Attorney General-designate Michael Mukasey told Senate Democrats Tuesday exactly what they wanted to hear during his confirmation hearings: That he'd be willing to say "no" to the White House and review the administration's eavesdropping and interrogation techniques.
Two of the administration's most ardent critics emerged from the meetings on the eve of Mukasey's confirmation hearings showering praise on the nominee and predicting easy and quick Senate approval.
"I expect him to be confirmed," said Senate Judiciary Committee Chairman Patrick Leahy of Vermont, who will preside over the hearings. "I want him to succeed."
"I don't know of a single Democrat (on the panel) inclined not to support him," Sen. Charles Schumer, D-N.Y., chimed in later in the day.
Those are striking statements of support from majority Democrats in a chamber hostile to the administration on most everything else up for debate. Other nonfans of the White House, from Democratic Leader Harry Reid on down, have endorsed Bush's choice to take over a Justice Department left leaderless and demoralized after a series of difficulties under Alberto Gonzales.
Mukasey's nomination is a political peace offering in the troubled twilight of Bush's second term. Bush nominated him after Schumer suggested that Mukasey would be a suitable replacement for Gonzales -- quieting, for now, the months-long storm over whether the White House improperly influenced the firings of nine federal prosecutors and other matters.
Lawmakers of both parties warn that they will seek specific assurances from Mukasey on whether he would stand up for the rule of law -- and his own independent streak -- no matter the presidential pressure.
"We should not instinctively support someone blindly. We've been burned by doing that in the past," said Sen. Lindsey Graham, R-S.C.
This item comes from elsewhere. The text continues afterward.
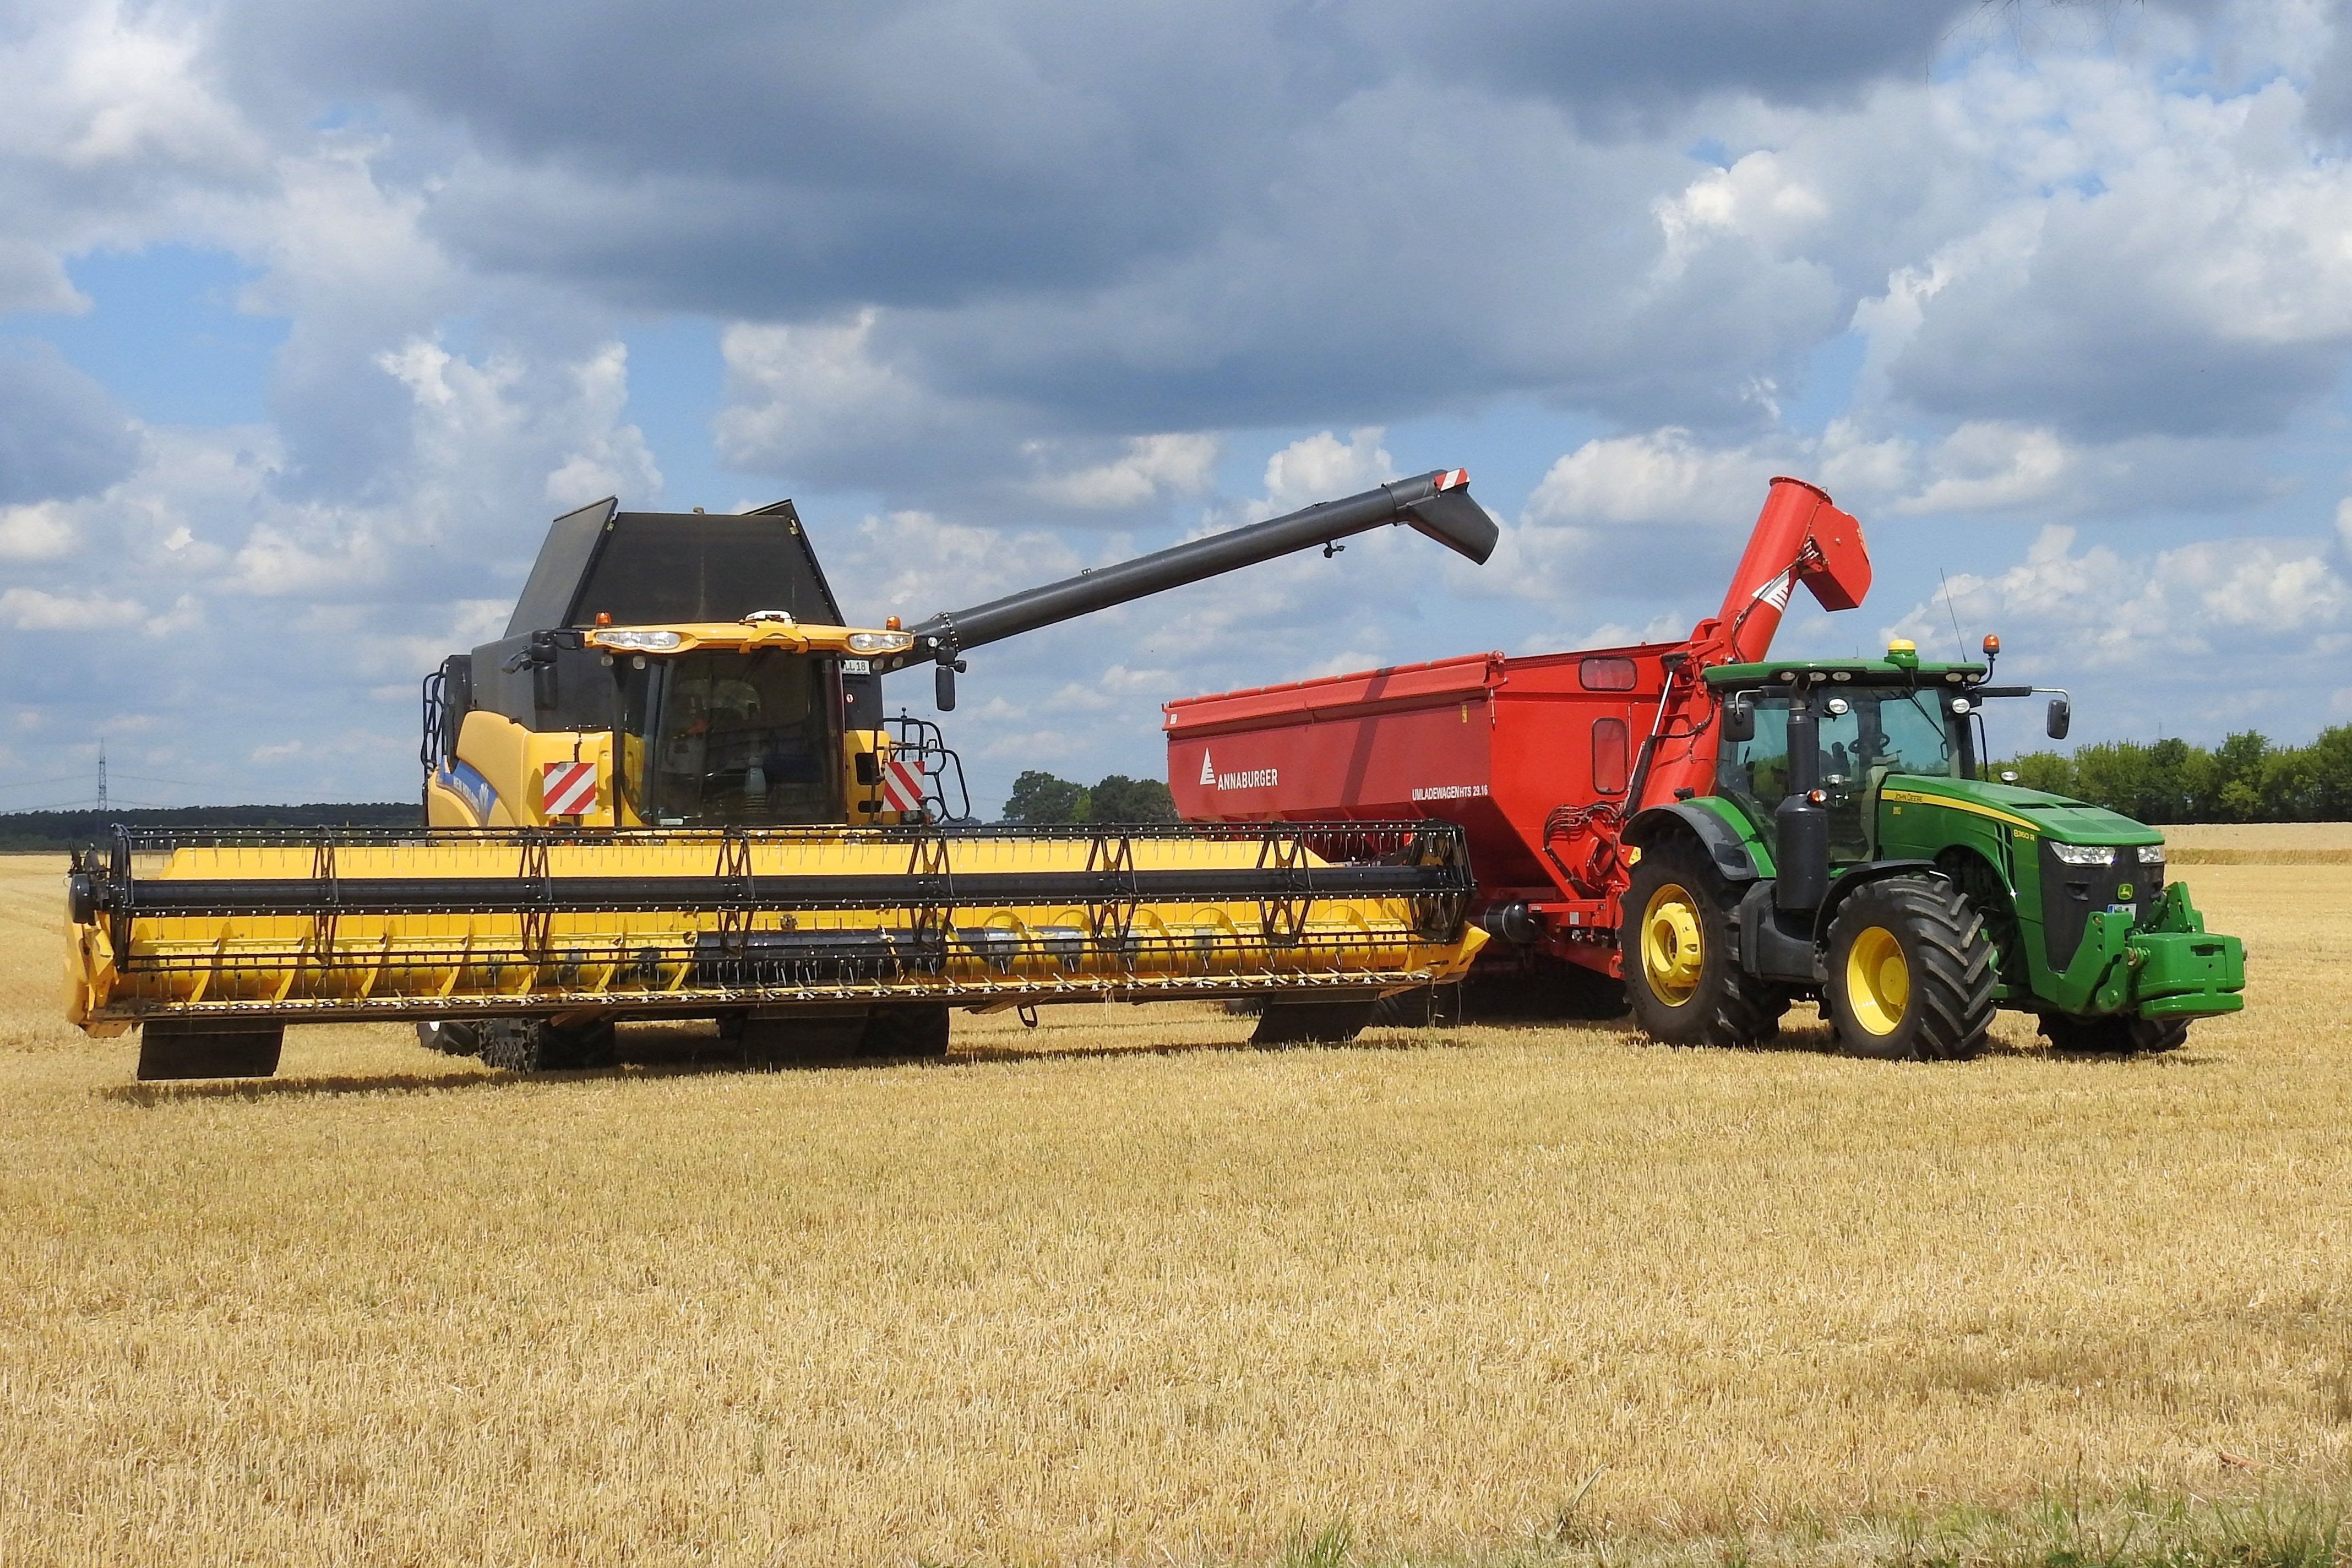 Combine Harvester, Harvester, combine harvester, field

Mukasey, 66, once worked as a reporter but gave it up to pursue a career in law. He was nominated to the federal bench in 1987 by President Reagan and eventually became the chief judge of the high-profile U.S. District Court for the Southern District of New York.
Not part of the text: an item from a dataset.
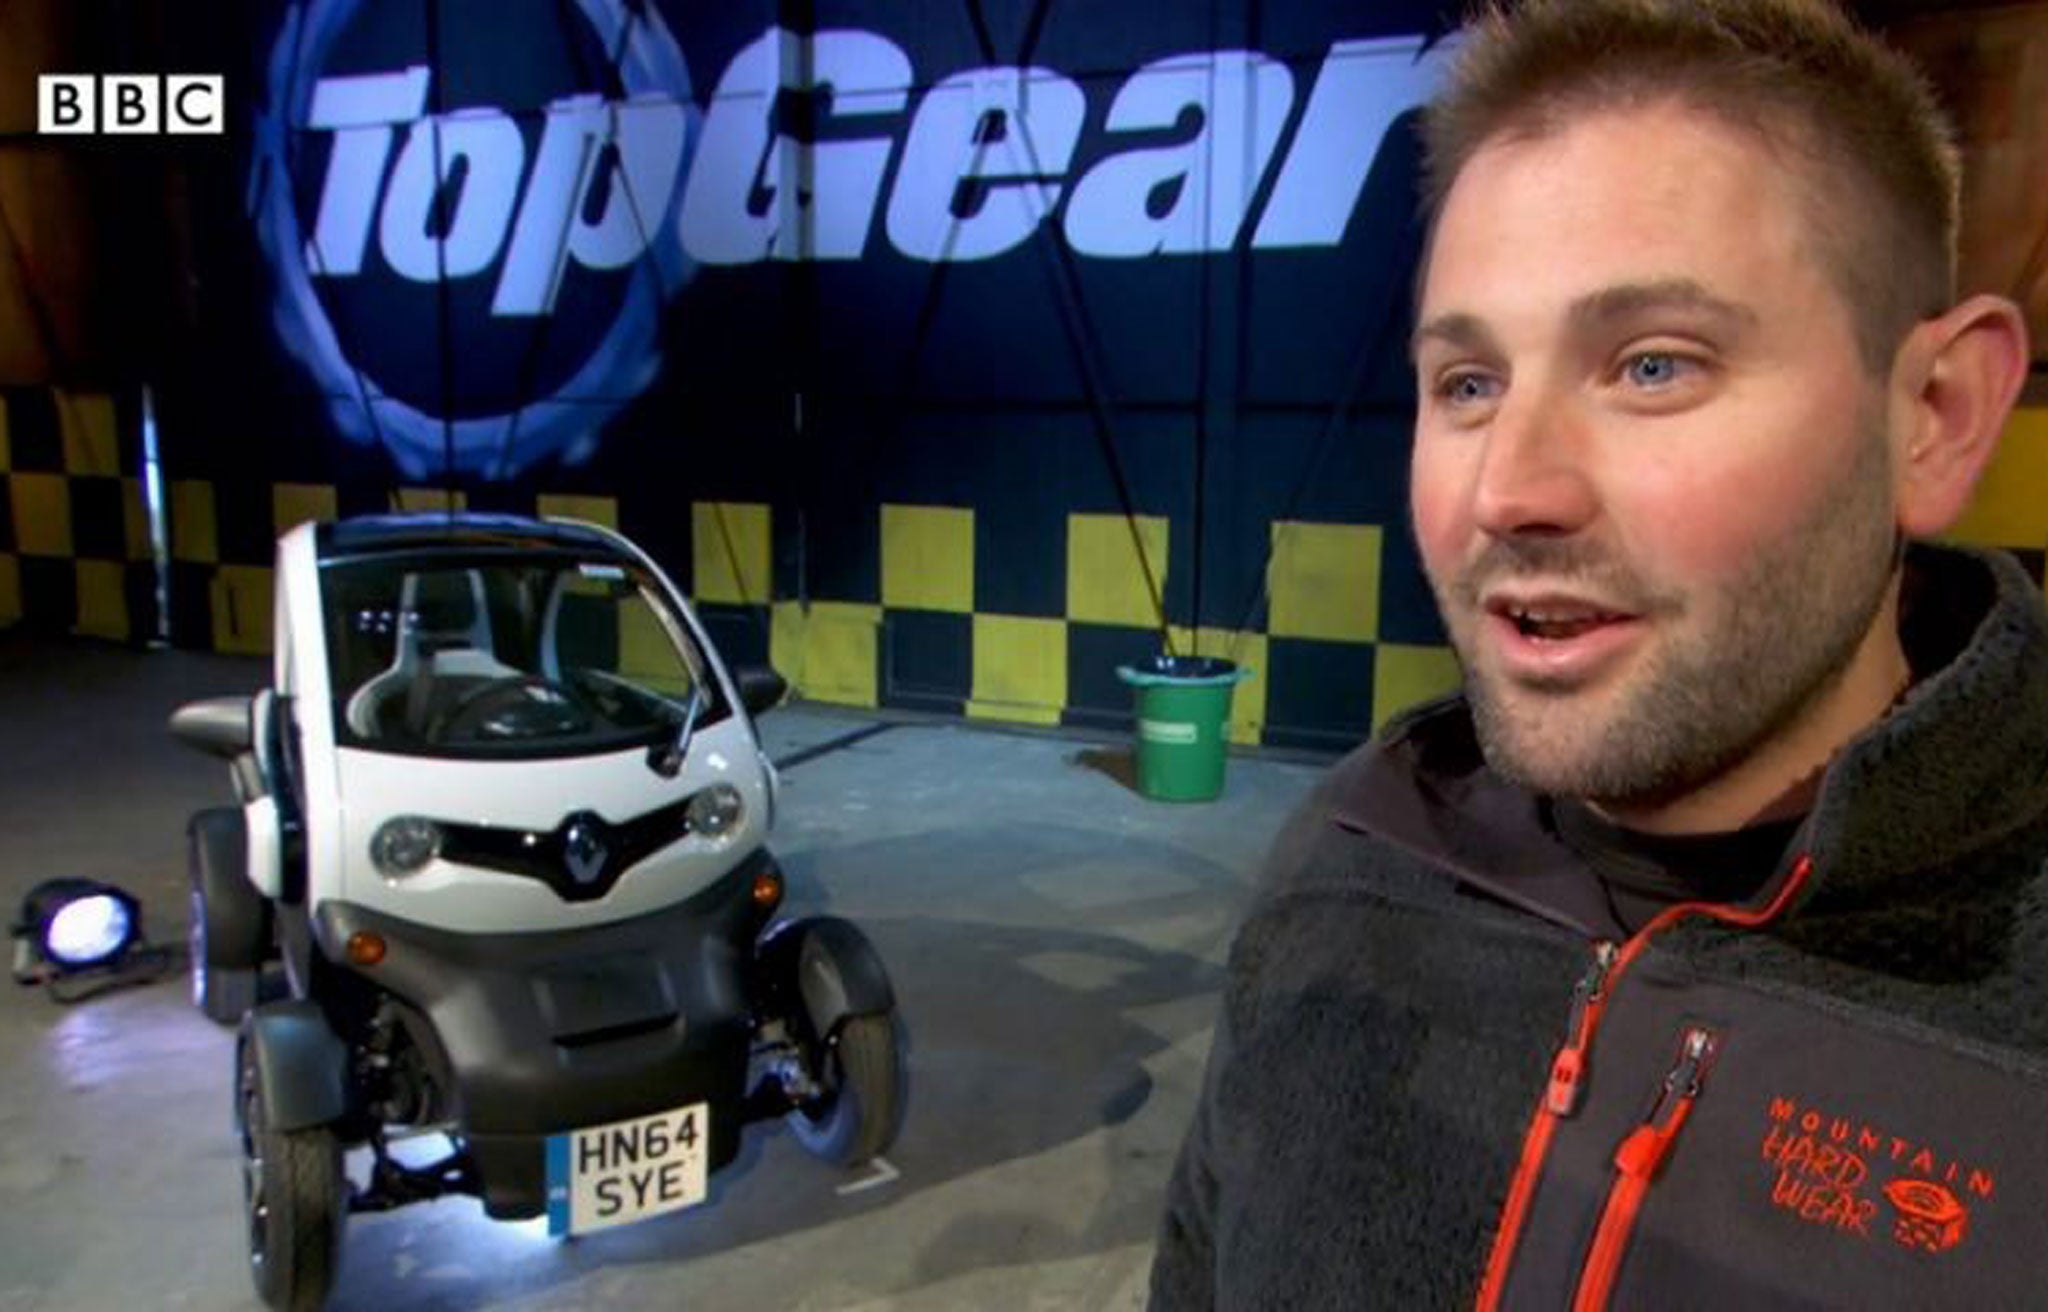 Top Gear show producer Oisin Tymon

With an office a few blocks from Ground Zero, Mukasey played a key role in the response to the Sept. 11 attacks. He and other New York judges saw some of the first material witnesses detained by federal authorities.
In the ensuing years, Mukasey showed an independent streak from administration policy that pleases Democrats and some Republicans who say Bush's practices violate the civil liberties of terrorism suspects.
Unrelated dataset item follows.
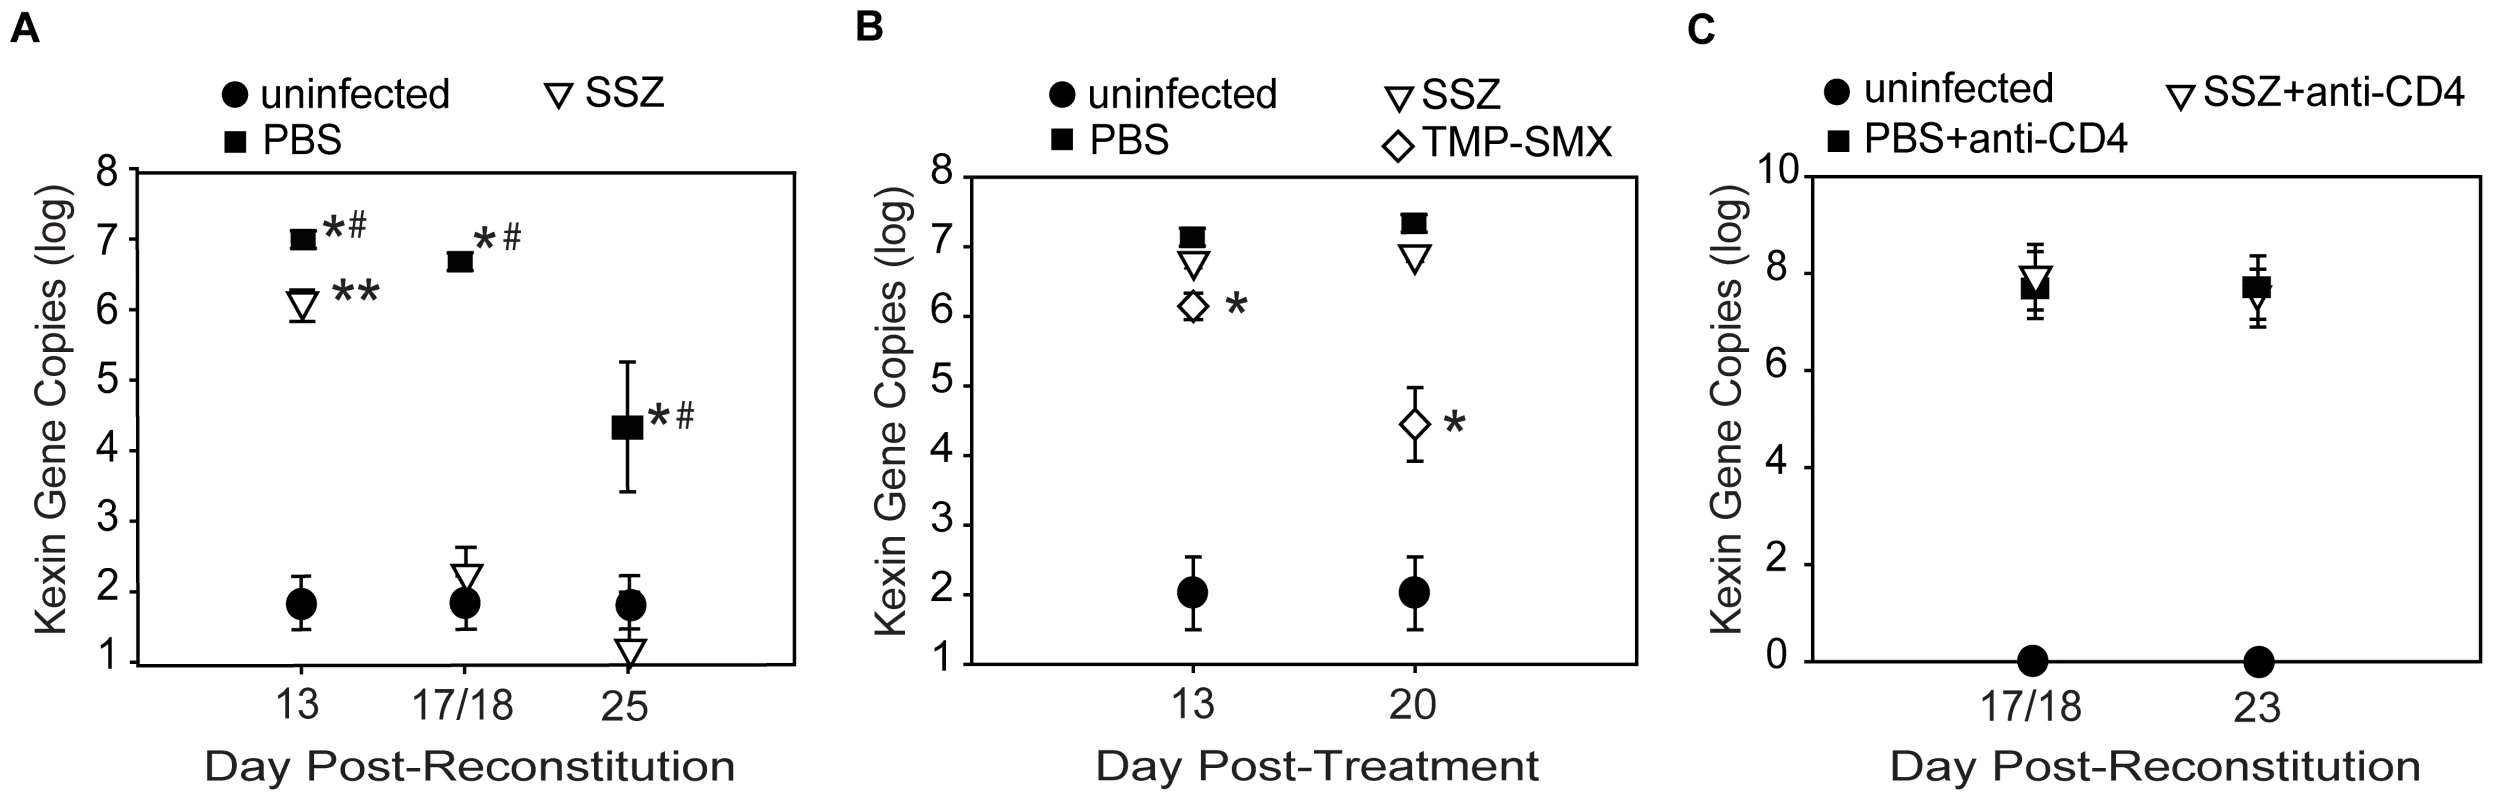 SSZ enhances Pc clearance through a CD4-dependent mechanism.

He wrote, for example, that the law authorizing the material witness warrants "has its perils" in terrorism cases and urged Congress to "fix a strained and mismatched legal system" by establishing a national security court.
Mukasey also defied the government when he appointed a lawyer to Jose Padilla, arrested in 2002 for allegedly plotting to detonate a "dirty bomb."
Lawmakers of both parties say they don't have to agree with Mukasey on every issue. But pressured by their political bases, they'll press him for assurances of independence from the White House.
Leahy and other senators said the hearing will be dominated by questions about whether Mukasey believes some of the methods the United States uses to interrogate terrorism suspects are illegal.
"I understand that he'll say he's against torture," Leahy told reporters after meeting Tuesday with Mukasey.
"I want him to make it very clear that will be the legal policy of this country; not to say publicly, 'We're against torture,' but then out the back door issue a legal opinion saying we can torture," Leahy said, echoing concerns of Republicans and Democrats. "That has to stop."
Schumer said the judge also told him he would be willing to do an independent review of Justice's memos on the legality of wiretapping and detention policies.
Also hovering over the hearings: how Mukasey would set the Justice Department back on its feet after the array of Gonzales-era problems.
At least 15 senior Justice Department officials have resigned since Schumer launched his probe of the firings of federal prosecutors at the start of 2007. The departures include Gonzales, his second- and third-in-command and five assistant attorneys general.